Liquidated Damages Affirmed for Breach of Non-Solicitation Agreement

The Fourth Circuit Court of Appeals has affirmed a Western District of Virginia ruling upholding a non-solicitation clause in a contract for trained personnel. ProTherapy Associates, LLC contracted with nine nursing homes to provide and train licensed physical and occupational therapy and speech/language pathology personnel. To protect its interests, it included in each contract a restrictive covenant precluding the nursing homes from “directly or indirectly” soliciting or hiring Pro Therapy employees:

“Non-Solicitation. During the term of this Agreement and for one year thereafter, [the nursing home] shall not, directly or indirectly, for [the nursing home] or on behalf of any other person or business entity for the benefit of [the nursing home]: (a) solicit, recruit, entice or persuade any Therapists or other employees or contractors of [ProTherapy] who had contact with [the nursing home] pursuant to this Agreement to become employees or contractors of [the nursing home] responsible for providing services to Patients like the Services hereunder; or (b) employ or use as an independent contractor any individual who was employed or utilized as a contractor by [ProTherapy] for the provision of Services at any time during the twelve (12) months prior to such proposed employment or contracting. Recognizing that compensatory monetary damages resulting from a breach of this section would be difficult to prove, [the nursing home] agrees that such breach will render it liable to [ProTherapy] for liquidated damages in the amount of ten thousands dollars ($10,000) for each such individual.”

When the nursing homes asked for a rate reduction, ProTherapy provided a new contract with the same clause. The contract also permitted either party to terminate the contract with 90-days’ notice.
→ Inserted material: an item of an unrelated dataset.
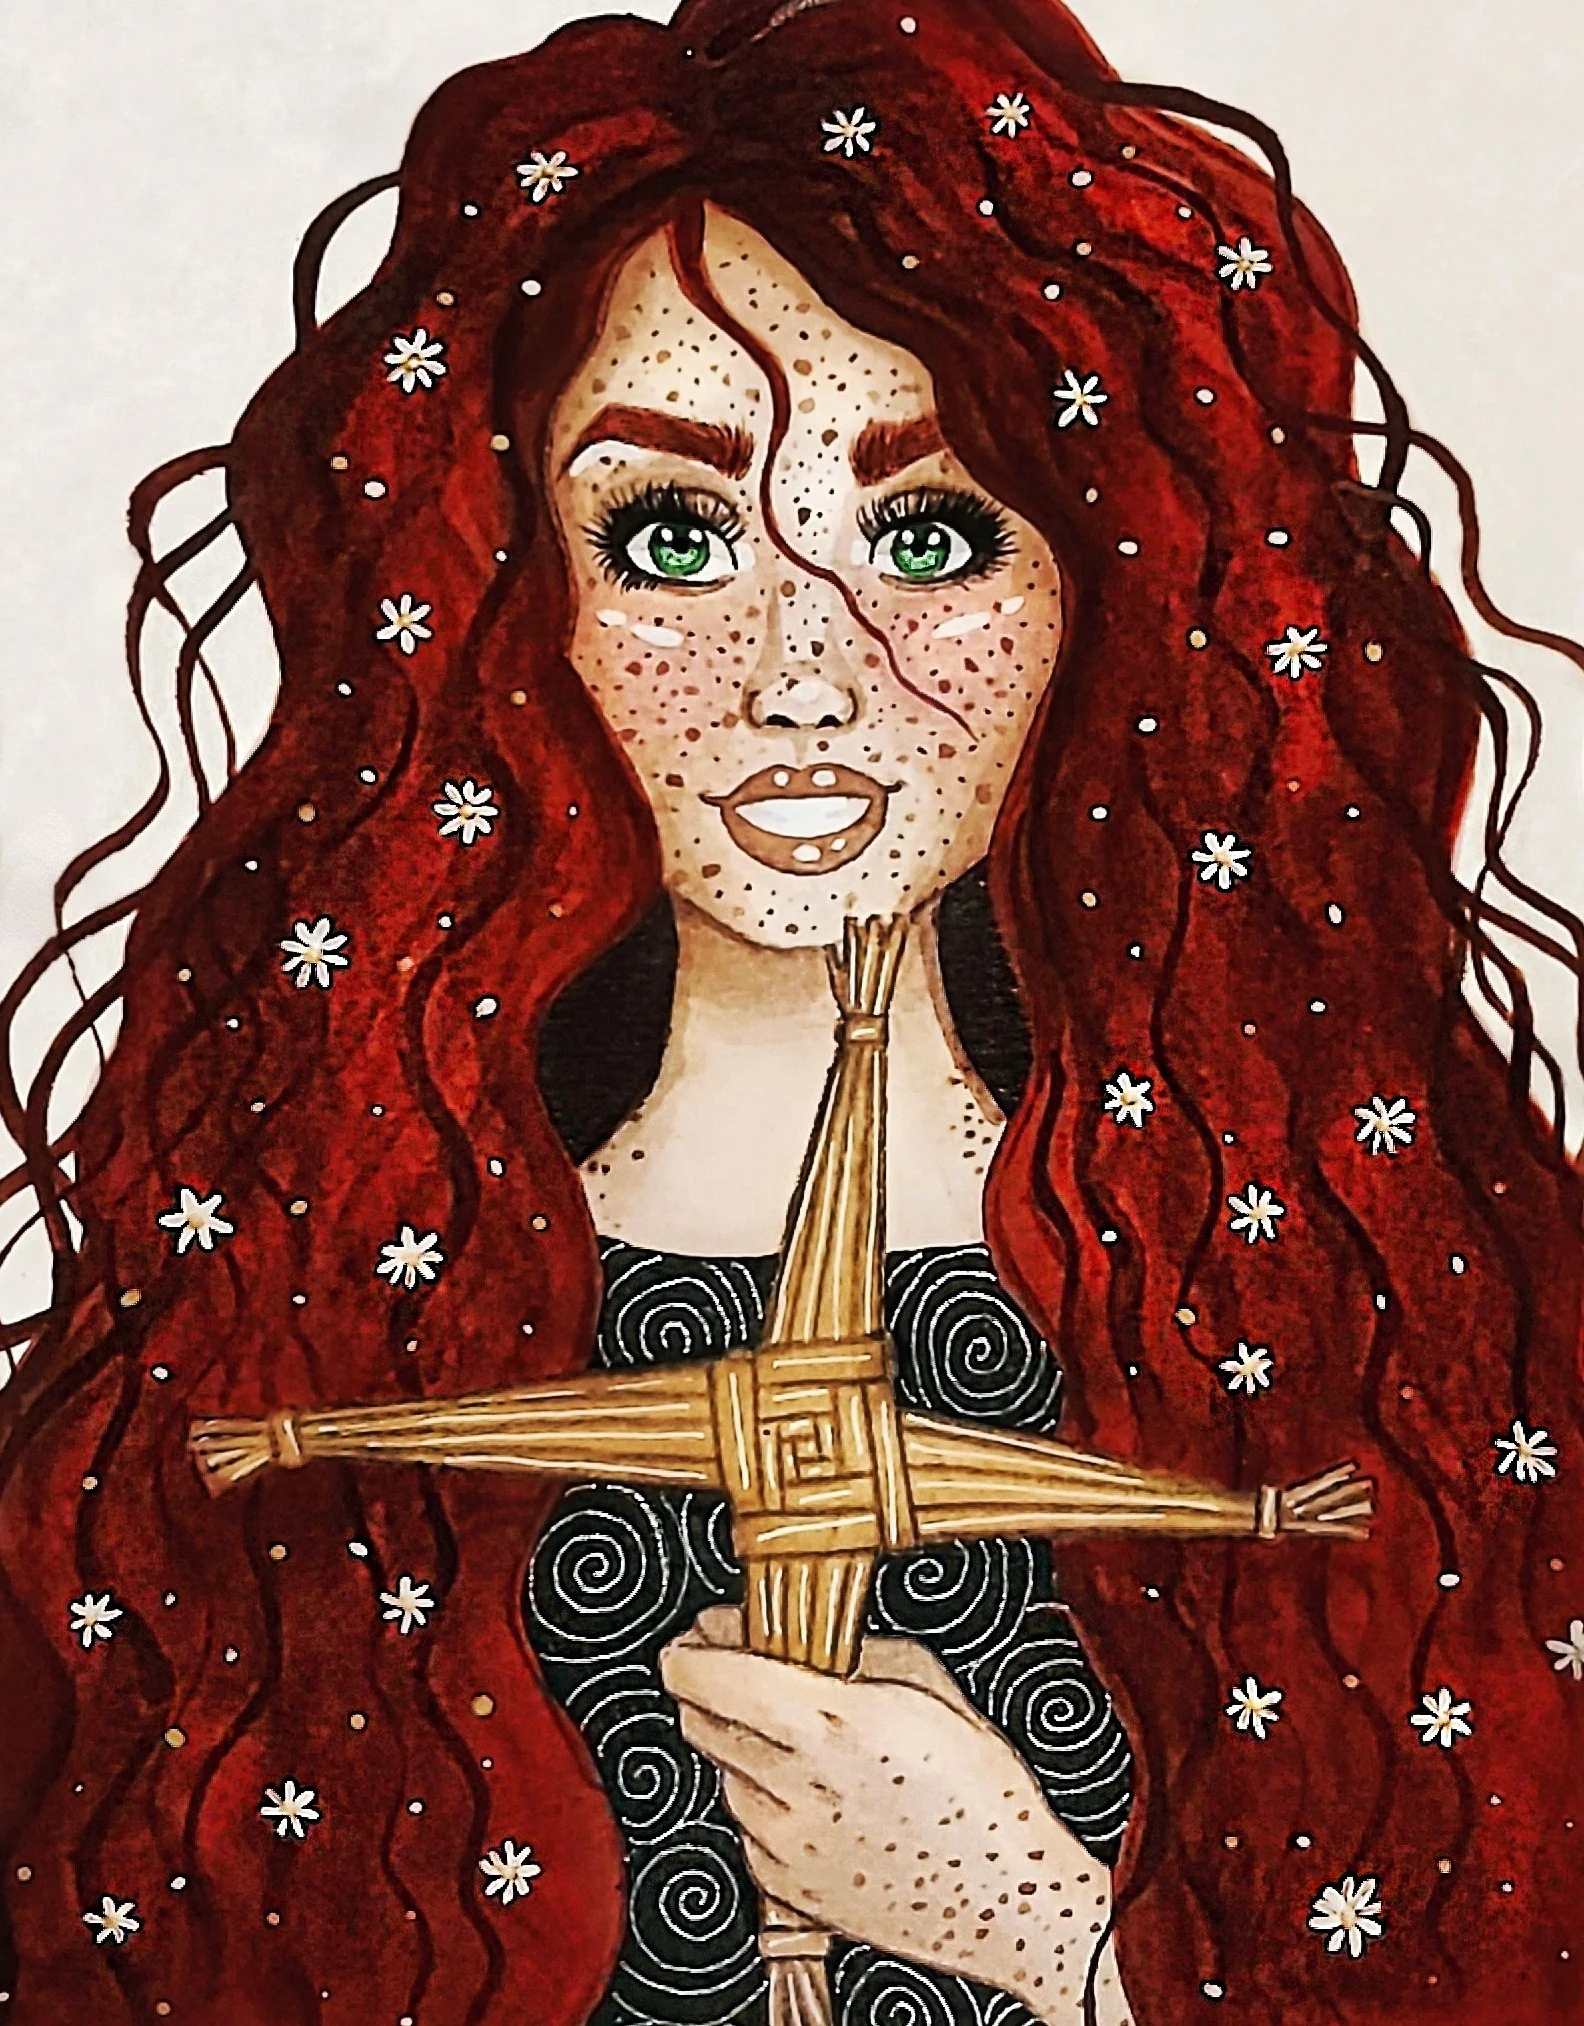 Goddess Saint Brigid Tales From The Wood Artwork Irish Mythology Shelly Mooney

Just weeks later, the parent company of the nursing liquidate.jpghomes gave ProTherapy 90-days’ notice and hired Reliant Pro Rehab, LLC to do the same job at a lower cost. During the remaining 90-day period, Reliant began recruiting ProTherapy’s personnel who were still working in the nursing homes. Reliant was able to meet with them because the nursing homes provided lists of the ProTherapy personnel and helped make them available. As a result, Reliant hired sixty four of the ProTherapy therapists for its contract.

ProTherapy sued the nursing homes for violating the non-solitication clause, asking for $10,000 per poached employee, in accordance with the liquidated damages clause, for a total of $640,000. ProTherapy argued the nursing homes, through Reliant, indirectly solicited and employed the very employees the non-solicitation clause prohibited them from employing.

The nursing homes claimed Reliant, alone, was responsible. They also argued the non-solicitation clause was unenforceable under Florida law which generally prohibits contracts in restraint of trade unless the party invoking the restrictive covenant shows it was reasonably necessary to protect a legitimate business interest. The parties agreed Florida law applied. The nursing homes further argued the liquidated damages clause amounted to an unconscionable penalty rather than attempting to provide legitimate compensatory damages.

The district court found the nursing homes indirectly hired the therapists within the period contemplated by the non-solicitation clause, noting they could simply have prohibited Reliant from hiring ProTherapy employees or could have gotten Reliant to indemnify them for improper hiring practices. Instead, they gave the personnel lists to Reliant and made the employees available to Reliant recruiters. The court upheld the non-solicitation clause as a reasonably necessary restriction to protect ProTherapy’s legitimate business interests and awarded ProTherapy $640,000 in liquidated damages plus attorneys’ fees, calling it a “modest sum” in light of the expenses the company had incurred to train the employees only to have Reliant appropriate them.